Was den Goldmarkt anbetrifft, so ist die heute an jedem
Goldmarkt bestehende Unterscheidung
zwischen dem Preis fuer Goldbarren und dem fuer Goldstuecke beachtlich.
In Deutschland kostet nach der letzten mir zugegangenen Nachricht ein
Goldstueck von 20 Mark: 42 Papiermark. Ein 20-Markstueck enthaelt genau 7,1686
Gramm Feingold, so dass hiernach 1 Grammm Feingold in Muenzform DM 5,85 kostet.
In Barrenform kostet Feingold nach der "Welt" pro Gramm DM 4,95, wenn
der Barren 50 Gramm oder weniger wiegt. (*) (*) (Einige Korrekturen, im naechsten
kurzen Brief, sind zu beachten!!! - J.Z., 3.11.03.) In Paris und im Orient war
der Unterschied zwischen Barrenpreis und Muenzpreis bis zu 40 %. Kein
Wunder!
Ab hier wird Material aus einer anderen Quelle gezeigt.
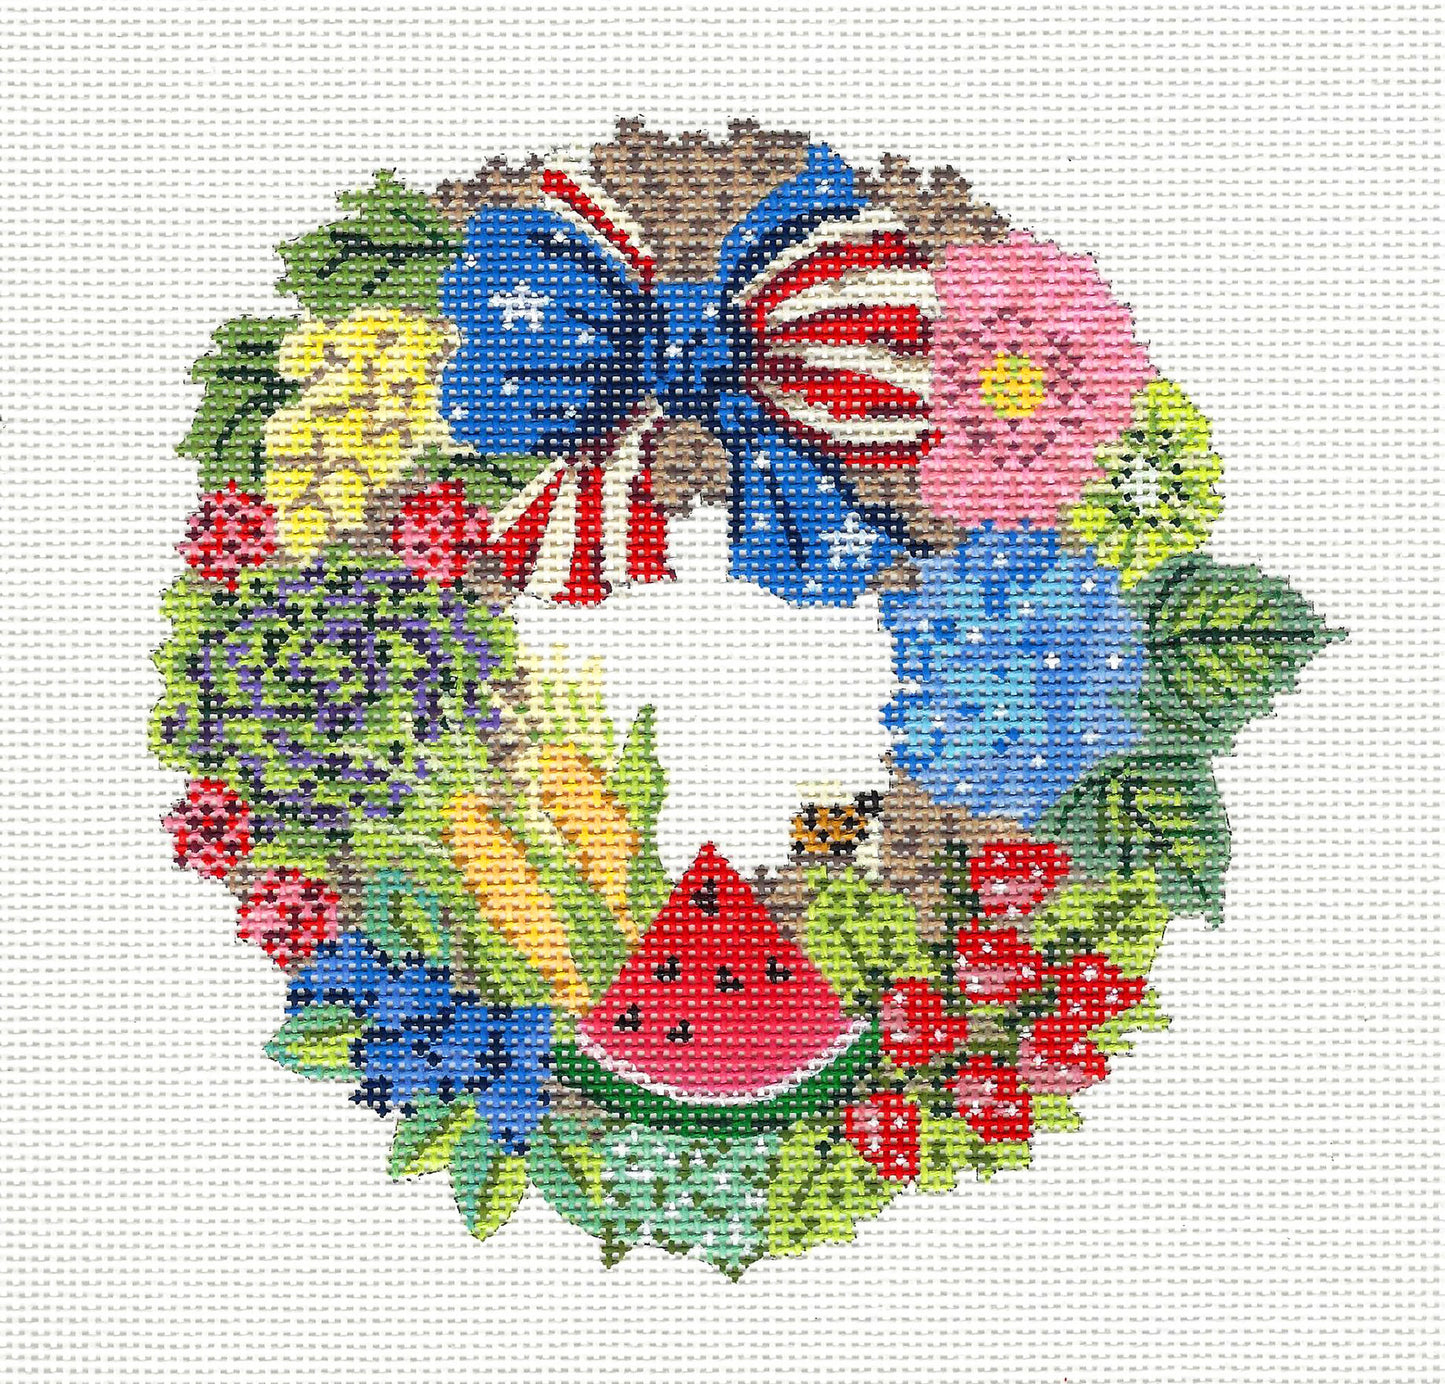 Wreath ~ Summer Celebration Wreath handpainted Needlepoint Canvas by Kelly Clark

Mit der Goldmuenze kann man auch
heute noch - - zahlen, mit dem Barren nicht.
Vor 1914 konnte der Preisunterschied zwischen Barren und
Muenzen nie gross sein, denn die Muenzstaetten waren ja verpflichtet, Barren
zum Umpraegen anzunehmen.
Fuer ein Land mit wirklich freiem Goldmarkt und freier
Auspraegung von Goldbarren ist die Beschaffung von Gold noch nie ein Problem
gewesen. Das Gold stroemt dahin, wo es die groesste Kaufkraft ausueben kann, es
sei denn, das Gold wird mit Gewalt daran gehindert. Aber, die Gewalt ist nicht
leicht auszuueben. Sie haben ja wohl vor 2 oder vor 3 Jahren gelesen, dass die
Goldbergwerke Suedafrikas und die Australiens dem International Monetary Fund
erklaerten: Wir koennen nicht verhindern, dass ein Teil unseres Goldes
zum freien Markt abstroemt.
Was bedeutet das nun fuer Deutschland? Wenn die Goldbesitzer,
ohne die deutschen Gesetze fuerchten zu muessen, ihr Gold nach Deutschland
bringen duerfen, es hier umpraegen lassen duerfen, es auch frei uebertragen
duerfen, so ist es unvermeidlich, dass sie ihr Gold lieber nach Deutschland
bringen, als anderswohin, wo solche facilities nicht bestehen. Ferner, ein so
hoch industrialisiertes Land wie Deutschland produziert zahlreiche Artikel, die
hier billiger sind als anderswo. Das ist ein zweiter Grund, weshalb Gold nach
allen Regeln der Volkswirtschaftslehre nach Deutschland stroemen muss und wird,
um eben die billigen Artikel zu kaufen. Ferner - - und nun wird die Sache
militaerisch - - die zahlreichen, wohlhabenden Leute in Russland, in den
Satellitenstaaten und in China (jawohl, die gibt es - - lesen Sie die Berichte
aus Moskau gerade aus den letzten Wochen) die haben zur Zelt nur wenig
Moeglichkeiten, ihren Reichtum sicher und vor allem auch wertbestaendig
anzulegen. Edelsteine, Seide, andere Kostbarkeiten ersetzen das Gold schlecht.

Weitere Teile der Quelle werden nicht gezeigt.